We strongly recommend you fork the Sourcegraph with Kubernetes reference repository to track your configuration changes in Git. This will make upgrades far easier and is a good practice not just for Sourcegraph, but for any Kubernetes application.

  • Create a fork of the deploy-sourcegraph repository.

  • Clone your fork using the repository’s URL.

  git clone $FORK_URL
  git remote add upstream https://github.com/sourcegraph/deploy-sourcegraph
  export SOURCEGRAPH_VERSION="v3.32.0"
  git checkout $SOURCEGRAPH_VERSION -b release

Some of the following instructions require cluster access. Ensure you can access your Kubernetes cluster with kubectl.

Customizations

To make customizations to the Sourcegraph deployment such as resources, replicas or other changes, we recommend using Kustomize and overlays. This means that you define your customizations as patches, and generate a manifest from our provided manifests to apply.

In general, we recommend that customizations work like this:

  1. Create, customize, and apply overlays for your deployment
  2. Ensure the services came up correctly, then commit all the customizations to the new branch
  git add /overlays/$MY_OVERLAY/*
  # Keeping all overlays contained to a single commit allows for easier cherry-picking
  git commit amend -m "overlays: update $MY_OVERLAY"

See the overlays guide to learn about the overlays we provide and how to create your own overlays.

Applying manifests

To deploy your configuration changes, apply your Kubernetes manifests.

Overlays

Kustomize overlays are our recommended way to customize Sourcegraph with Kubernetes.

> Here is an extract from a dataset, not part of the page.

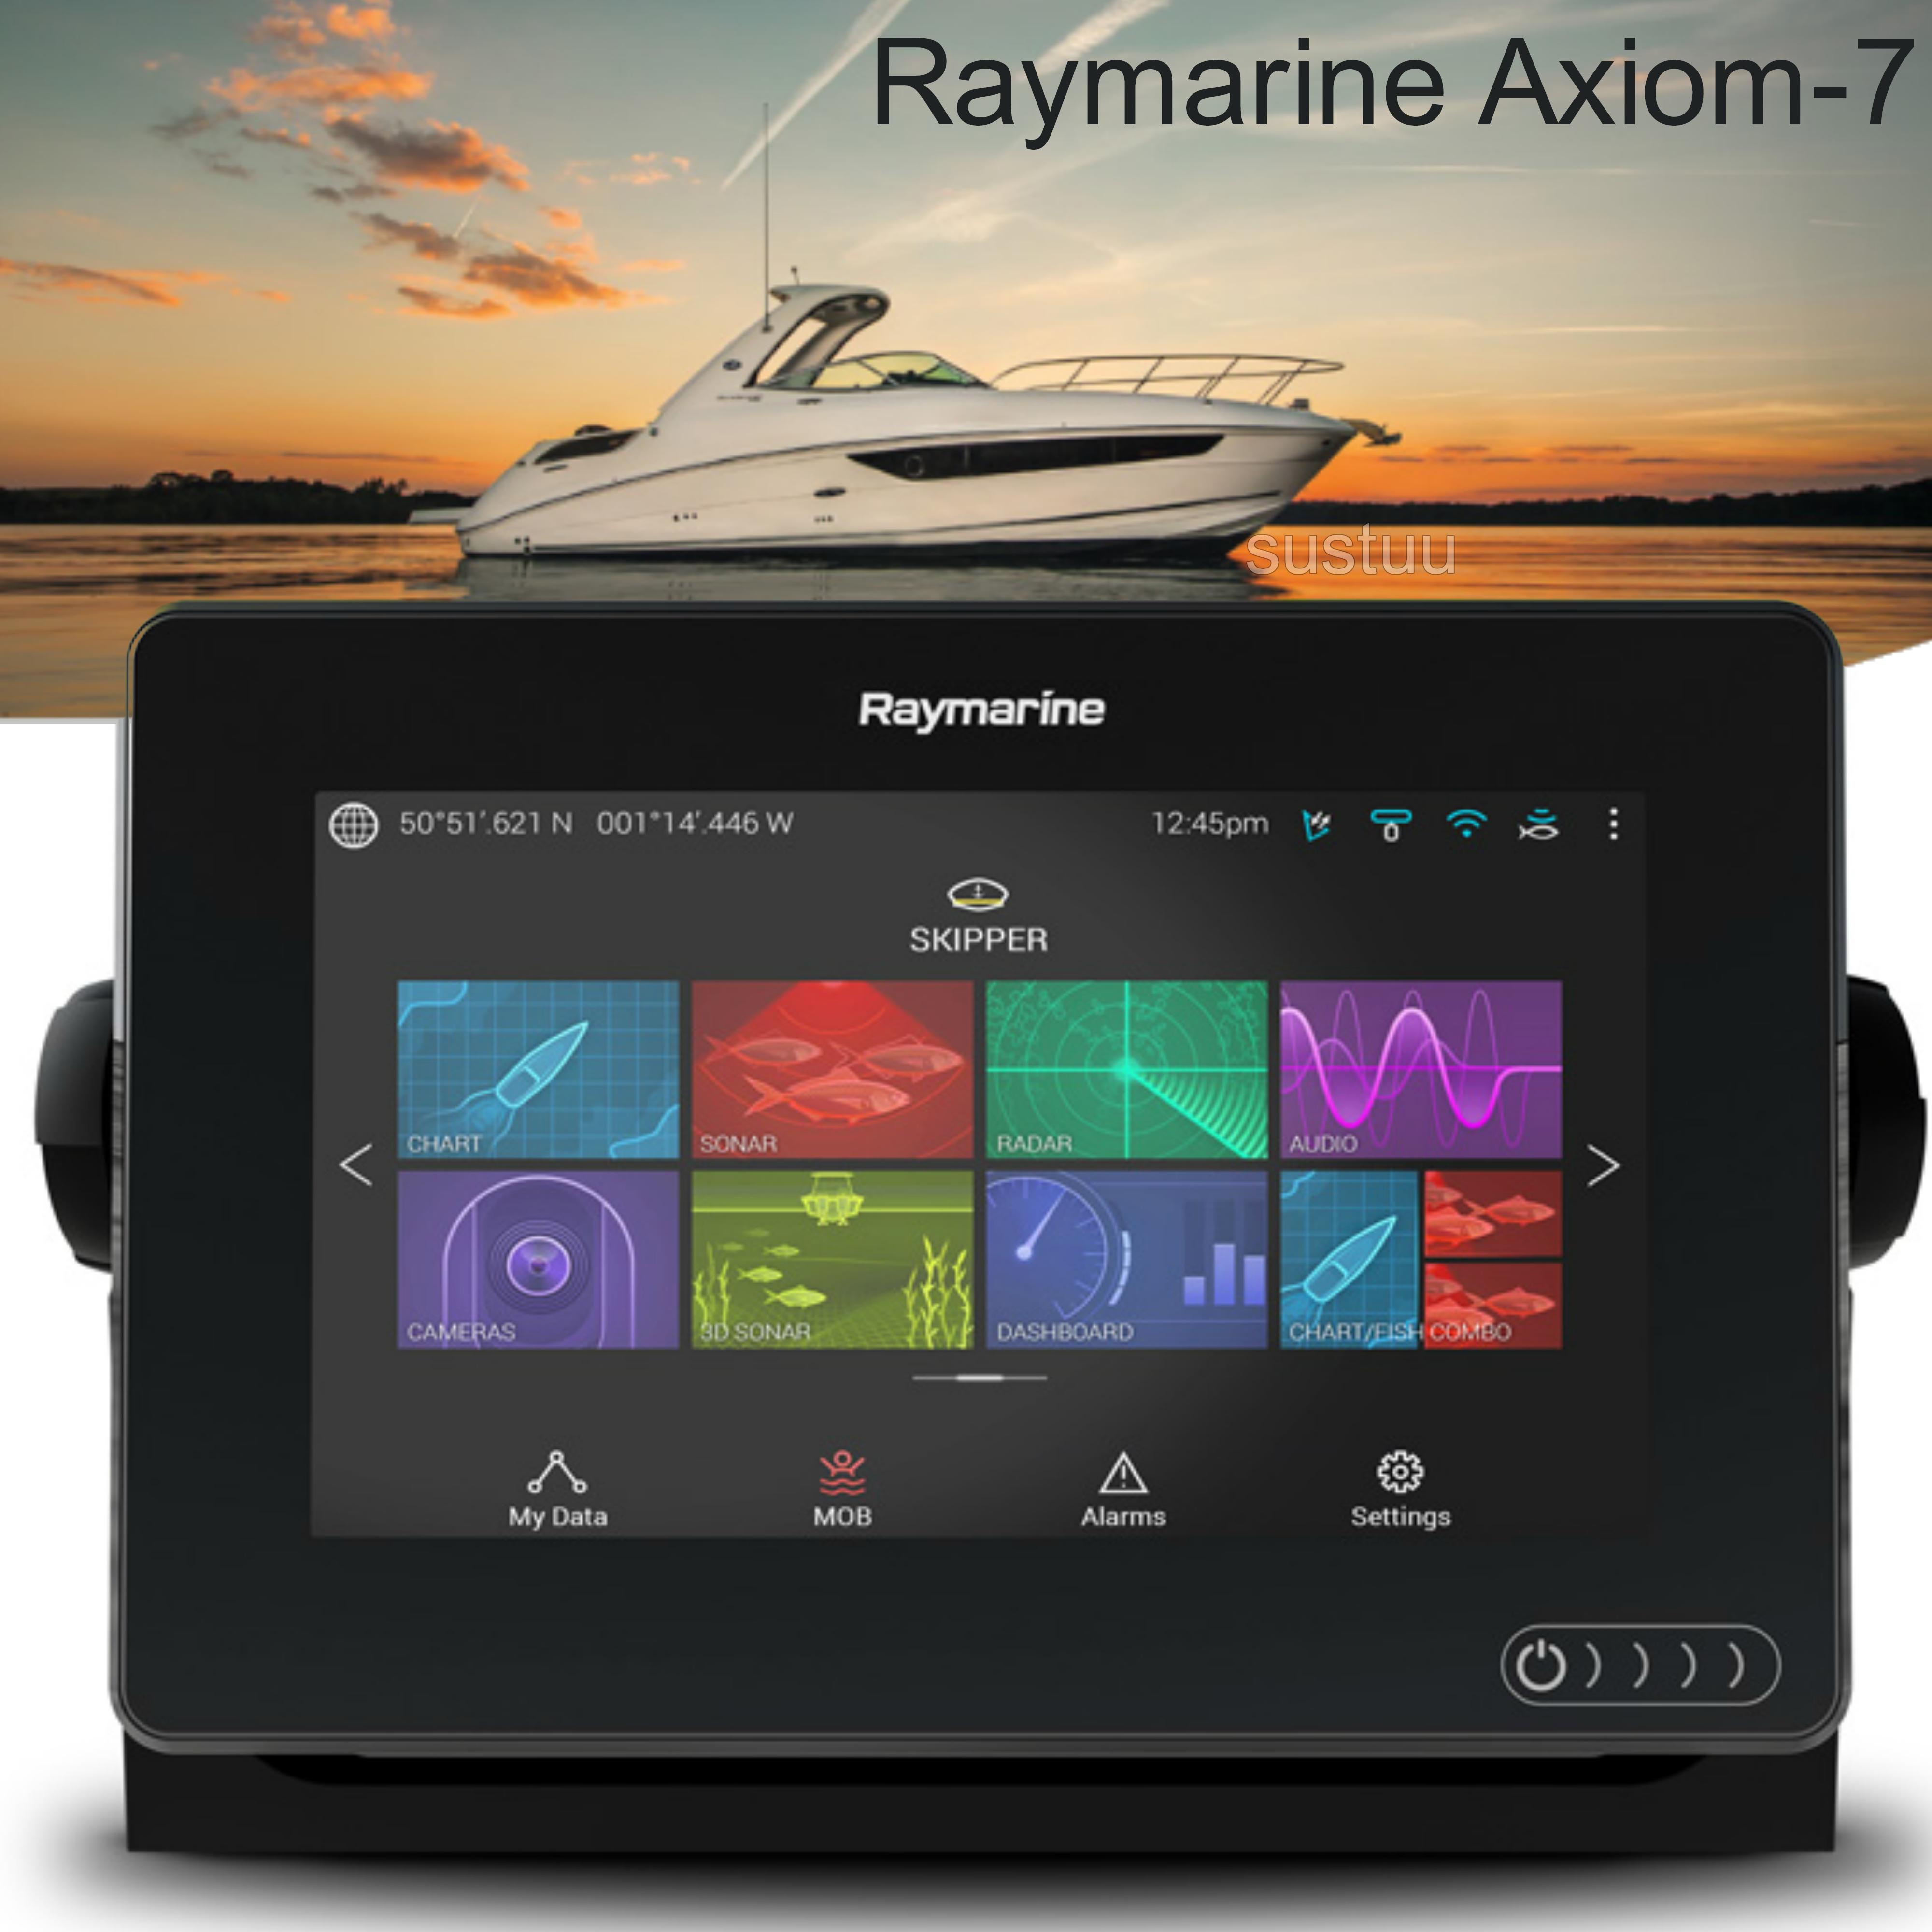 "Raymarine E70363|Axiom-7 Navigation MFD|7"" LCD|?CHIRP DV|GPS/GLONASS|IPX6/7"

To generate Kubernetes manifests from an overlay, run the overlay-generate-cluster.sh with two arguments:

  • the name of the overlay
  • and a path to an output directory where the generated manifests will be

For example:

#                overlay directory name    output directory
#                                 |             |
./overlay-generate-cluster.sh my-overlay generated-cluster

After executing the script you can apply the generated manifests from the generated-cluster directory:

kubectl apply --prune -l deploy=sourcegraph -f generated-cluster --recursive

We recommend that you:

You can now get started with using overlays:

Provided overlays

Overlays provided out-of-the-box are in the subdirectories of deploy-sourcegraph/overlays and are documented here.

Namespaced overlay

This overlay adds a namespace declaration to all the manifests.

  1. Change the namespace by replacing ns-sourcegraph to the name of your choice everywhere within the overlays/namespaced/ directory.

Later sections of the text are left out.